## TASK STATEMENT:
Please give the whole listing again exactly, without any of its pictures.
#### DATA EXTRACT
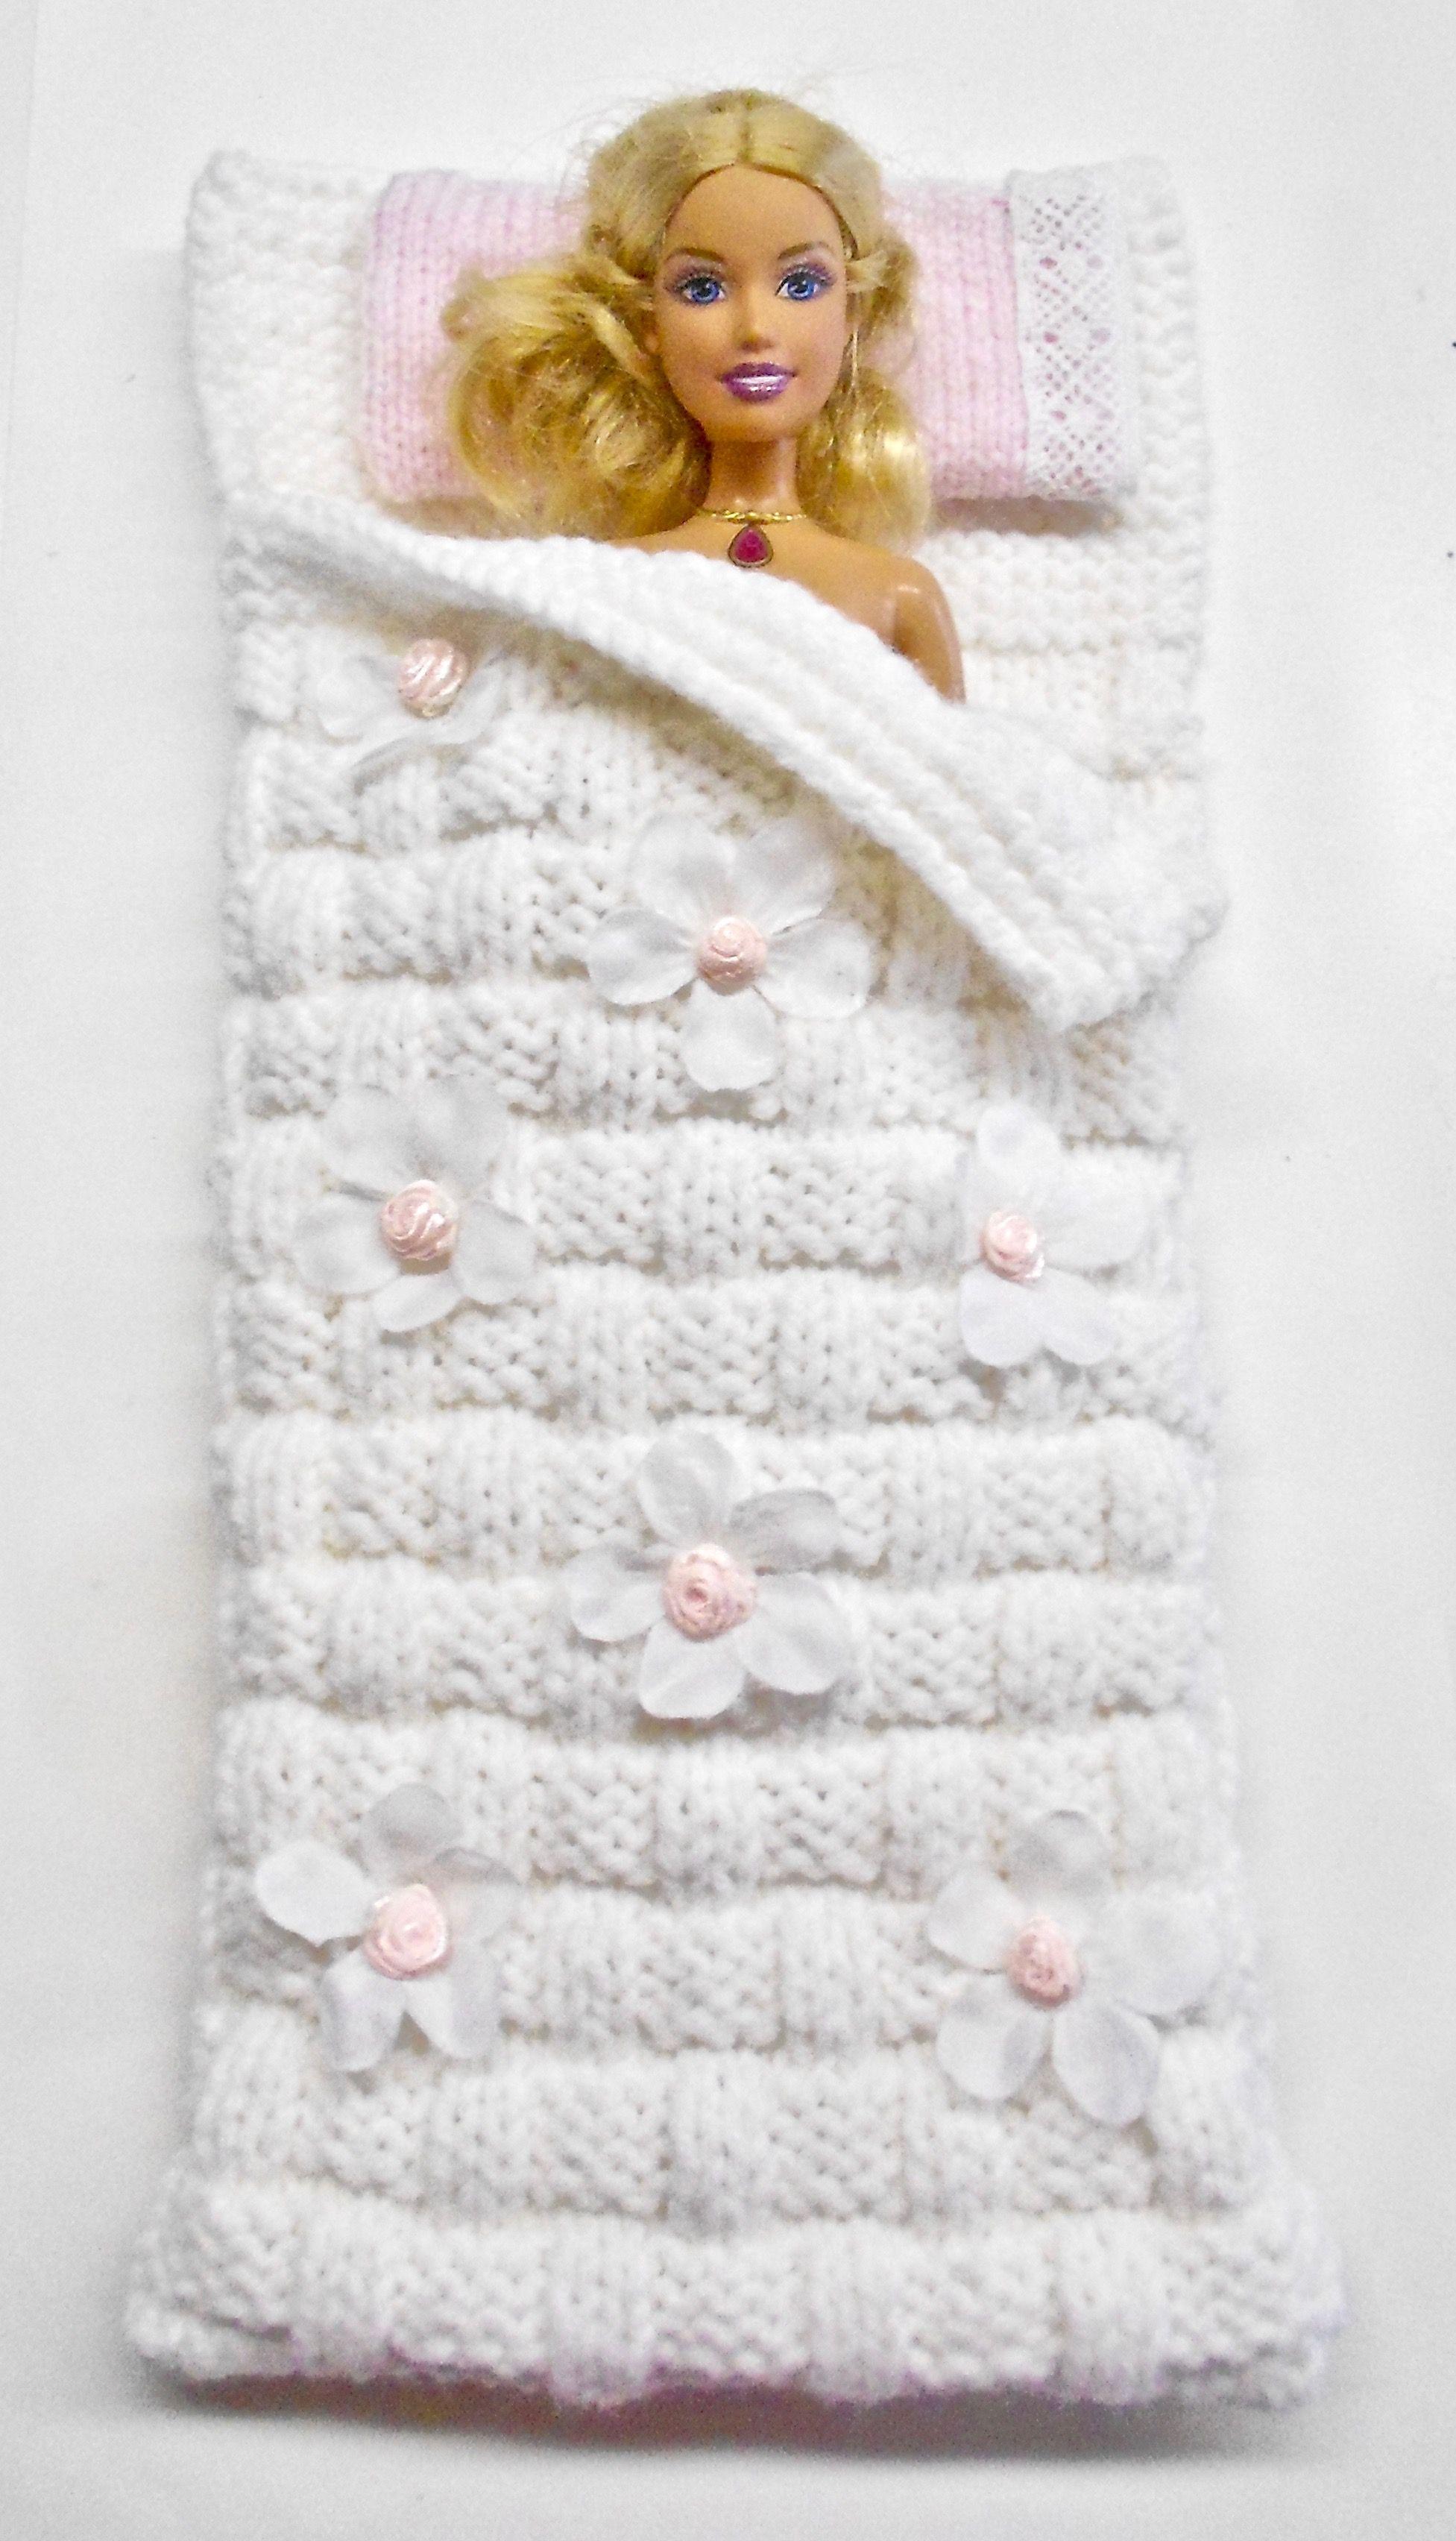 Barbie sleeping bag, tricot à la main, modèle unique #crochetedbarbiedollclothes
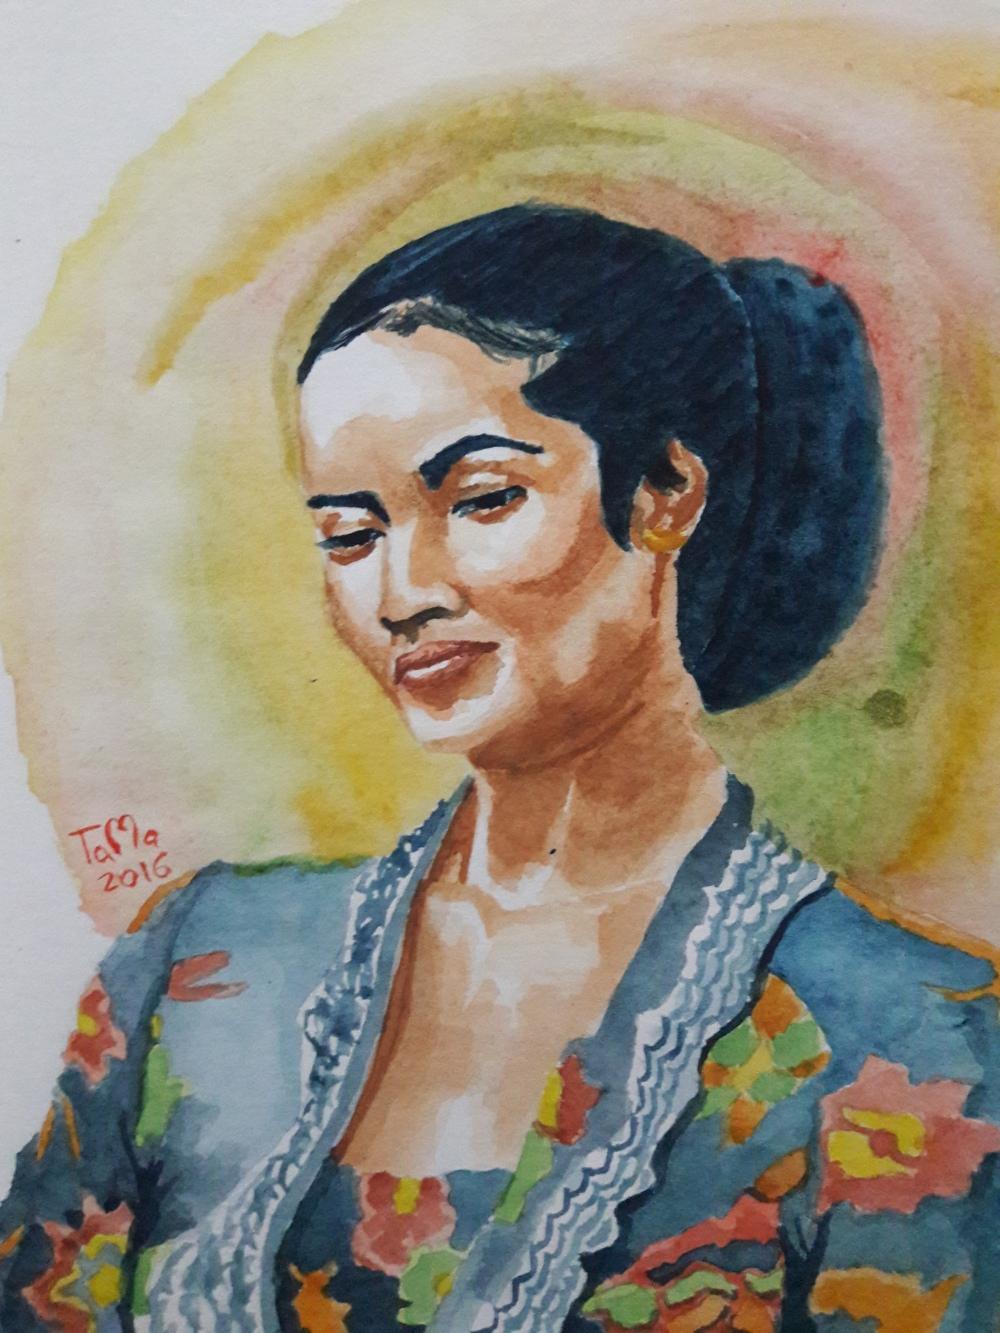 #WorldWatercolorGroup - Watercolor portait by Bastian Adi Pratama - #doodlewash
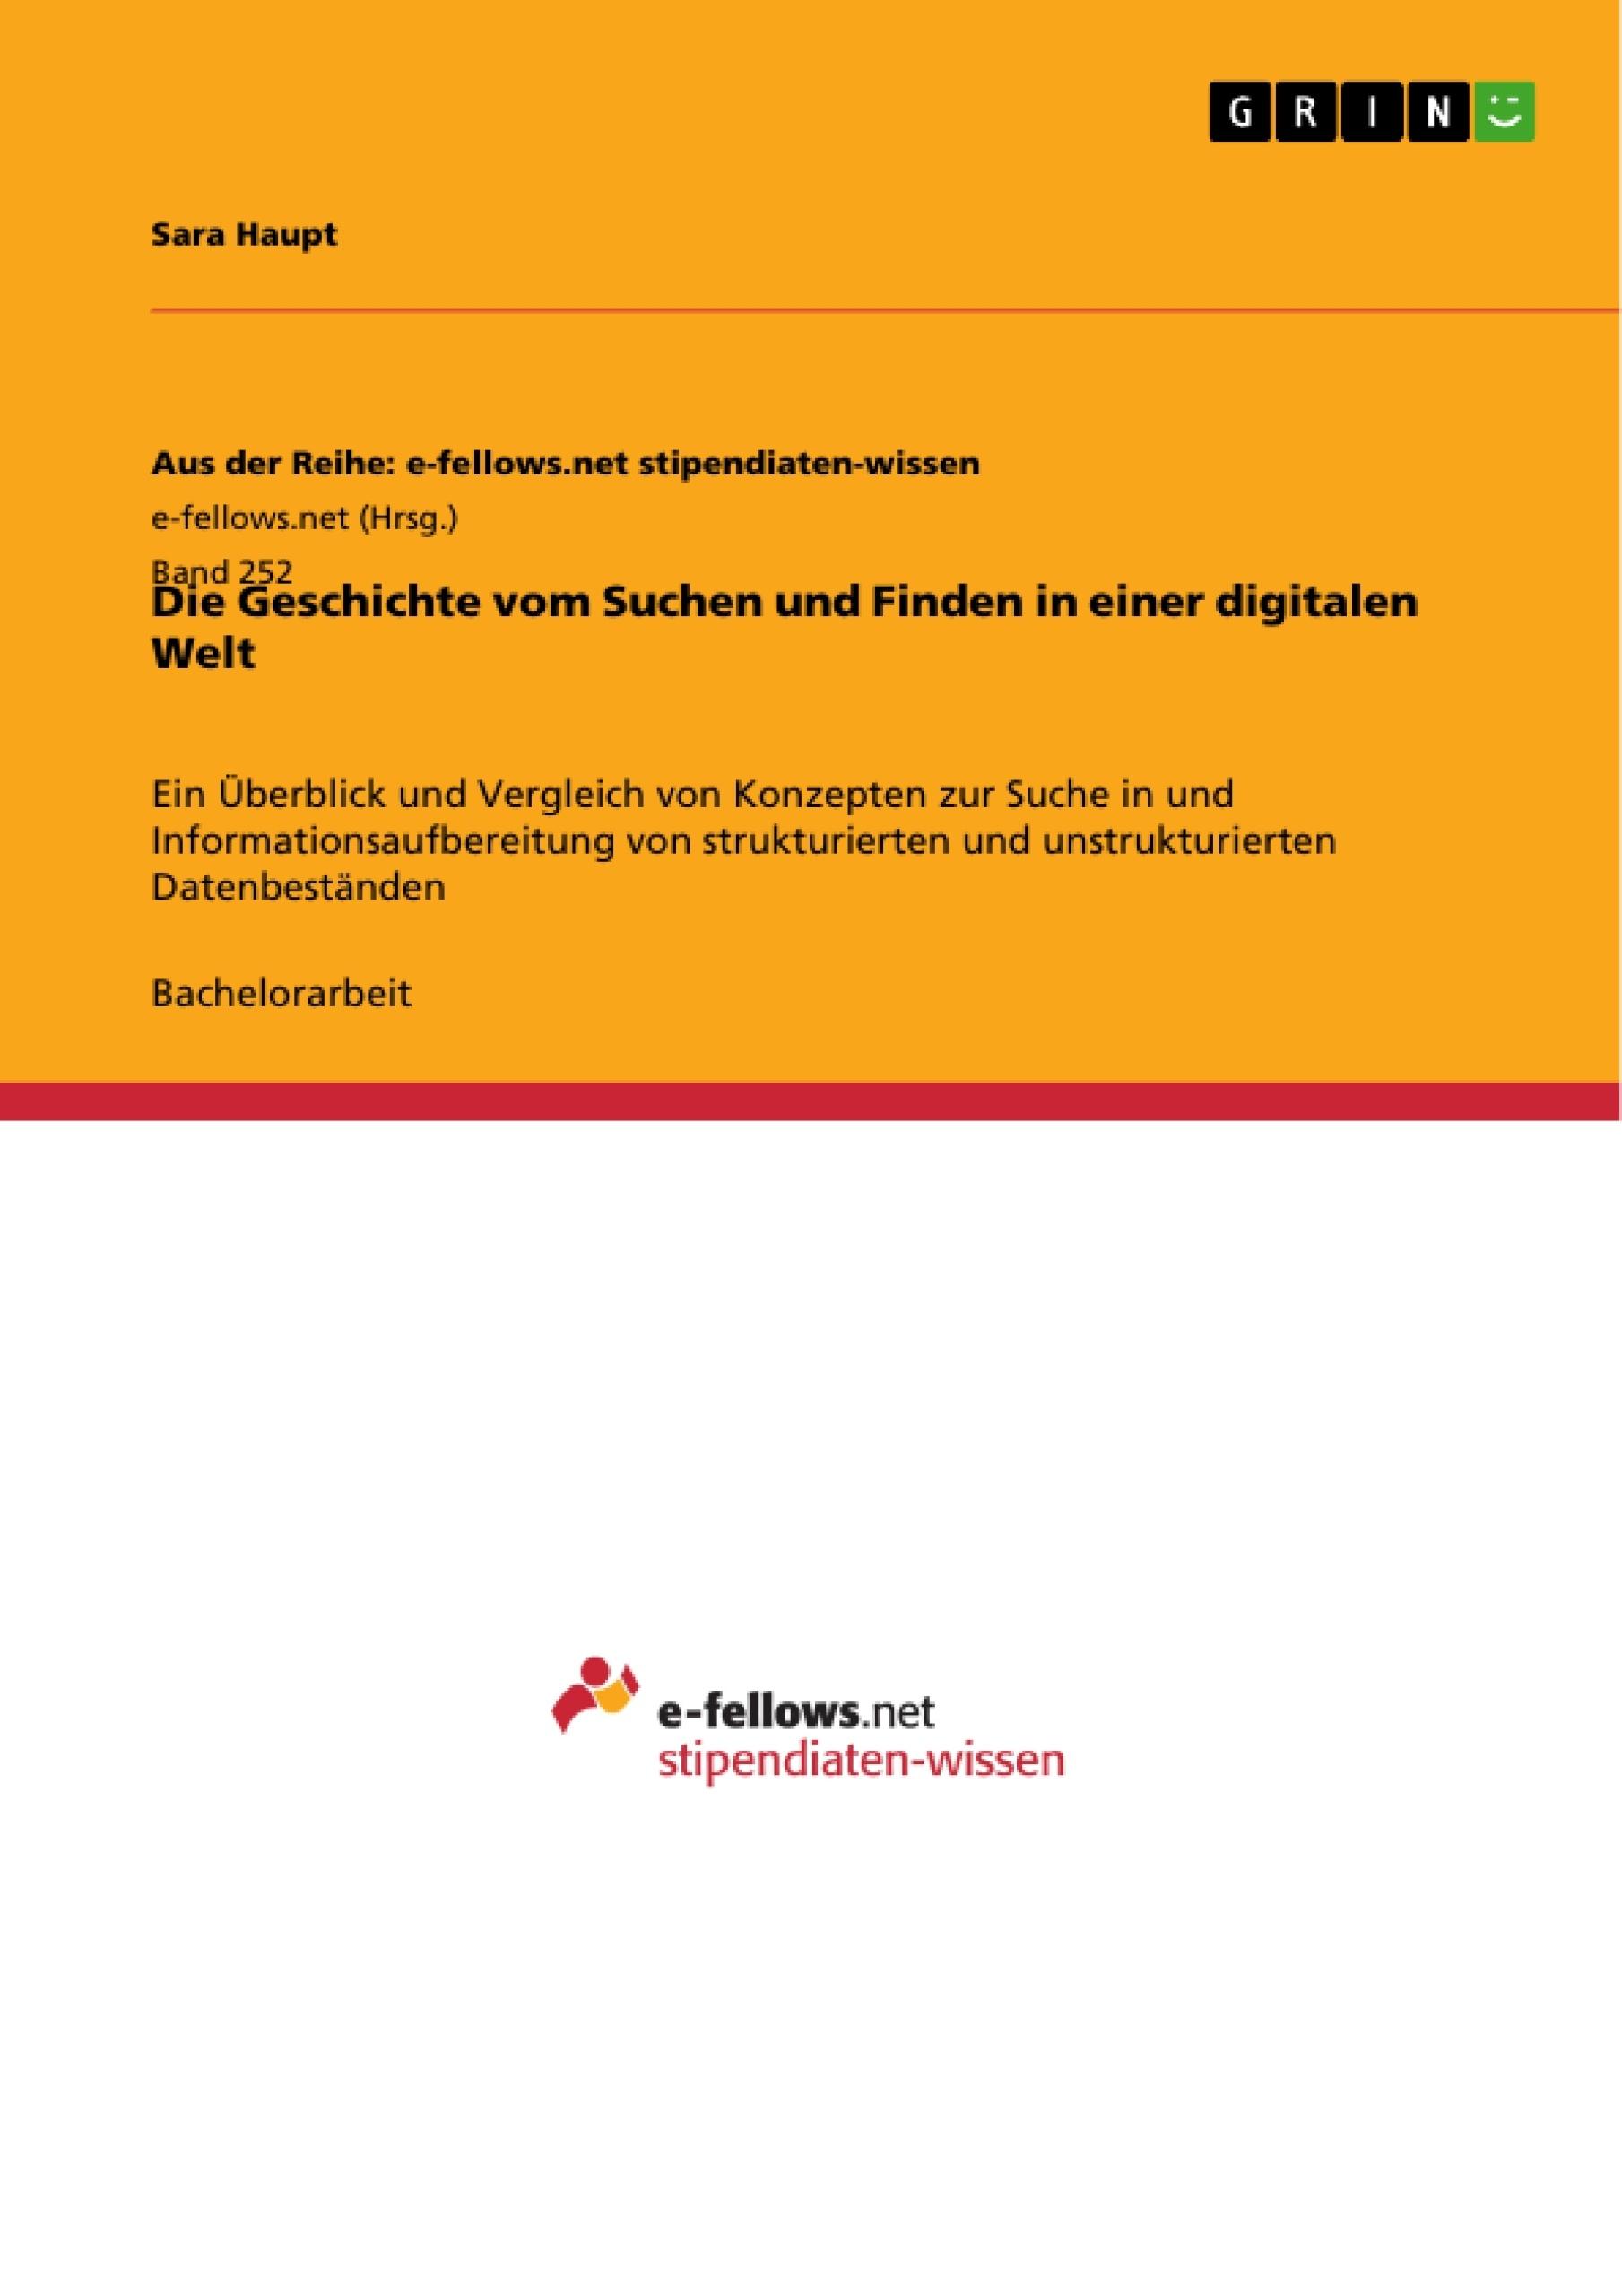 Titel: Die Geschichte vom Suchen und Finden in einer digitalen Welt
########
## REPLY:
 Barbie sleeping bag, tricot à la main, modèle unique #crochetedbarbiedollclothes
 #WorldWatercolorGroup - Watercolor portait by Bastian Adi Pratama - #doodlewash
 Titel: Die Geschichte vom Suchen und Finden in einer digitalen Welt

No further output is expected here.